Use the empty blocks below to write the R code for your models and get outputs. Then use the outputs to answer the questions in your problem set report.

Note: Use the + (plus) button to add new code blocks or the scissor icon to remove empty code blocks, if needed.

Pearson correlation coefficients

cor_mpg_hp <- cor(mtcars$mpg, mtcars$hp)
cor_mpg_hp_qsec_drat <- cor(mtcars$mpg, mtcars$hp+mtcars$qsec+mtcars$drat)
cor_hp_qsec <- cor(mtcars$hp, mtcars$qsec)
cor_mpg_qsec <- cor(mtcars$mpg, mtcars$qsec)
cor_mpg_drat <- cor(mtcars$mpg, mtcars$drat)

print(cor_mpg_hp)

## [1] -0.7761684

print(cor_mpg_hp_qsec_drat)

## [1] -0.7768859

print(cor_hp_qsec)

## [1] -0.7082234

print(cor_mpg_qsec)

## [1] 0.418684

print(cor_mpg_drat)

## [1] 0.6811719

More details

cor.test(mtcars$mpg, mtcars$hp)

## 
##  Pearson's product-moment correlation
## 
## data:  mtcars$mpg and mtcars$hp
## t = -6.7424, df = 30, p-value = 1.788e-07
## alternative hypothesis: true correlation is not equal to 0
## 95 percent confidence interval:
##  -0.8852686 -0.5860994
## sample estimates:
##        cor 
## -0.7761684

cor.test(mtcars$mpg, mtcars$hp+mtcars$qsec+mtcars$drat)

## 
##  Pearson's product-moment correlation
## 
## data:  mtcars$mpg and mtcars$hp + mtcars$qsec + mtcars$drat
## t = -6.7581, df = 30, p-value = 1.713e-07
## alternative hypothesis: true correlation is not equal to 0
## 95 percent confidence interval:
##  -0.8856589 -0.5872846
## sample estimates:
##        cor 
## -0.7768859

cor.test(mtcars$hp, mtcars$qsec)

## 
##  Pearson's product-moment correlation
## 
## data:  mtcars$hp and mtcars$qsec
## t = -5.4946, df = 30, p-value = 5.766e-06
## alternative hypothesis: true correlation is not equal to 0
## 95 percent confidence interval:
##  -0.8475998 -0.4774331
## sample estimates:
##        cor 
## -0.7082234

cor.test(mtcars$mpg, mtcars$qsec)

## 
##  Pearson's product-moment correlation
## 
## data:  mtcars$mpg and mtcars$qsec
## t = 2.5252, df = 30, p-value = 0.01708
## alternative hypothesis: true correlation is not equal to 0
## 95 percent confidence interval:
##  0.08195487 0.66961864
## sample estimates:
##      cor 
## 0.418684

cor.test(mtcars$mpg, mtcars$drat)

## 
##  Pearson's product-moment correlation
## 
## data:  mtcars$mpg and mtcars$drat
## t = 5.096, df = 30, p-value = 1.776e-05
## alternative hypothesis: true correlation is not equal to 0
## 95 percent confidence interval:
##  0.4360484 0.8322010
## sample estimates:
##       cor 
## 0.6811719

#Linear Regression Models

“Write the general form and the prediction equation of the regression model for fuel economy using horsepower, quarter mile time, and rear axle ratio as predictors. Include interaction terms for horsepower and quarter mile time; horsepower and rear axle ratio. Create the regression model for fuel economy using horsepower, quarter mile time, and rear axle ratio as predictors. Include interaction terms for horsepower and quarter mile time; horsepower and rear axle ratio. Write the prediction model equation using outputs obtained from your R script.”

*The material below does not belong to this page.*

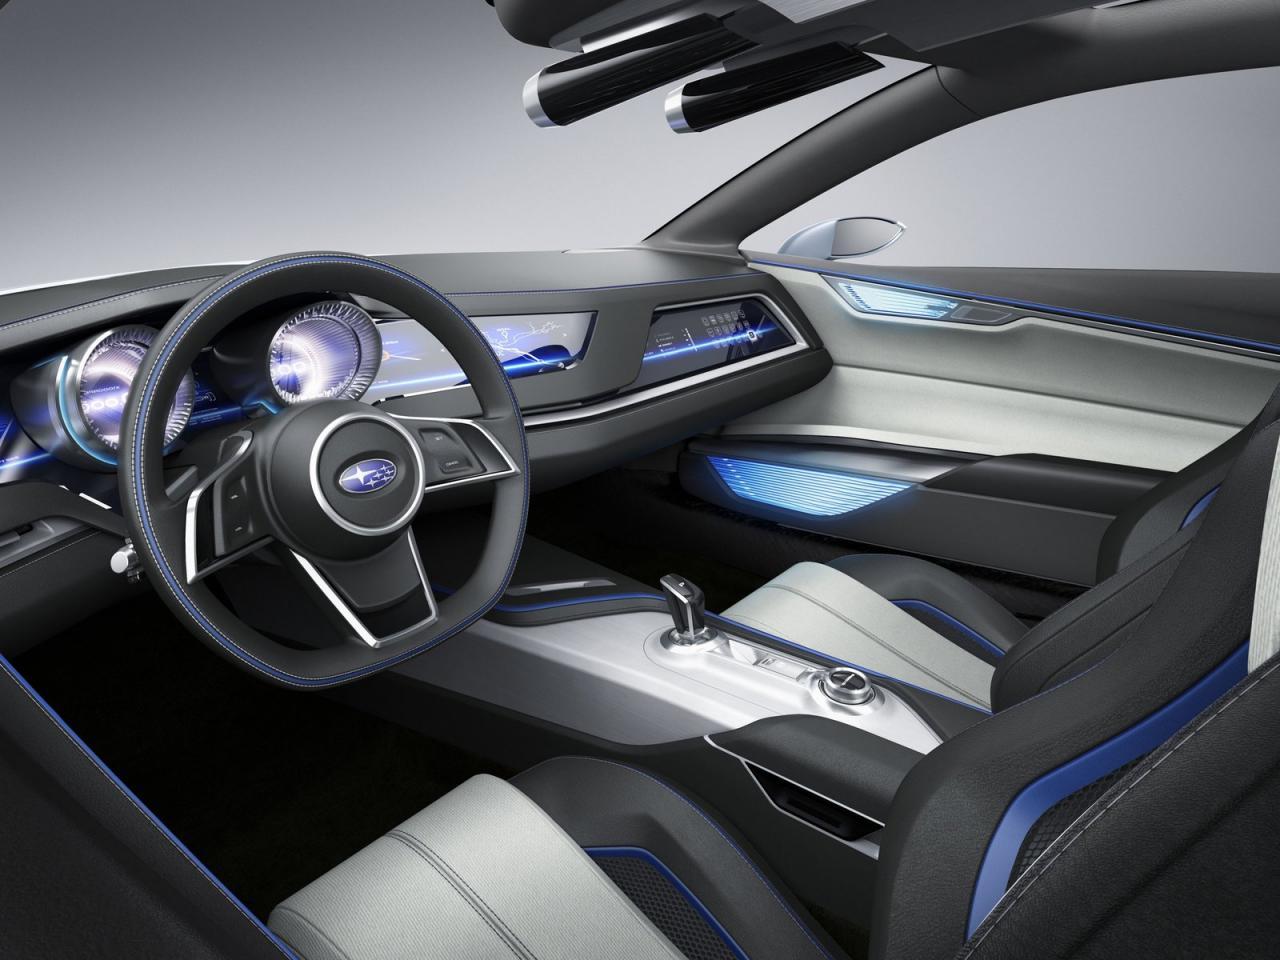 [Resim: Subaru+VIZIV+3.jpg]

Linear Regression Model for MPG and HP

“MPG = β0 + β1 * HP + ϵ”

” MPG: is the dependent variabnle that I aim to predict” ” HP: is the independent variable used as a predictor” ” β0: The intercept of the regression line, representing the predicted MPG when HP is 0” ” β1: The slope coefficent, representing the change in MPG for each unit increase in. HP” ” ϵ: The error term, representing the difference between the opbderved MPG values and the values predicted by the model”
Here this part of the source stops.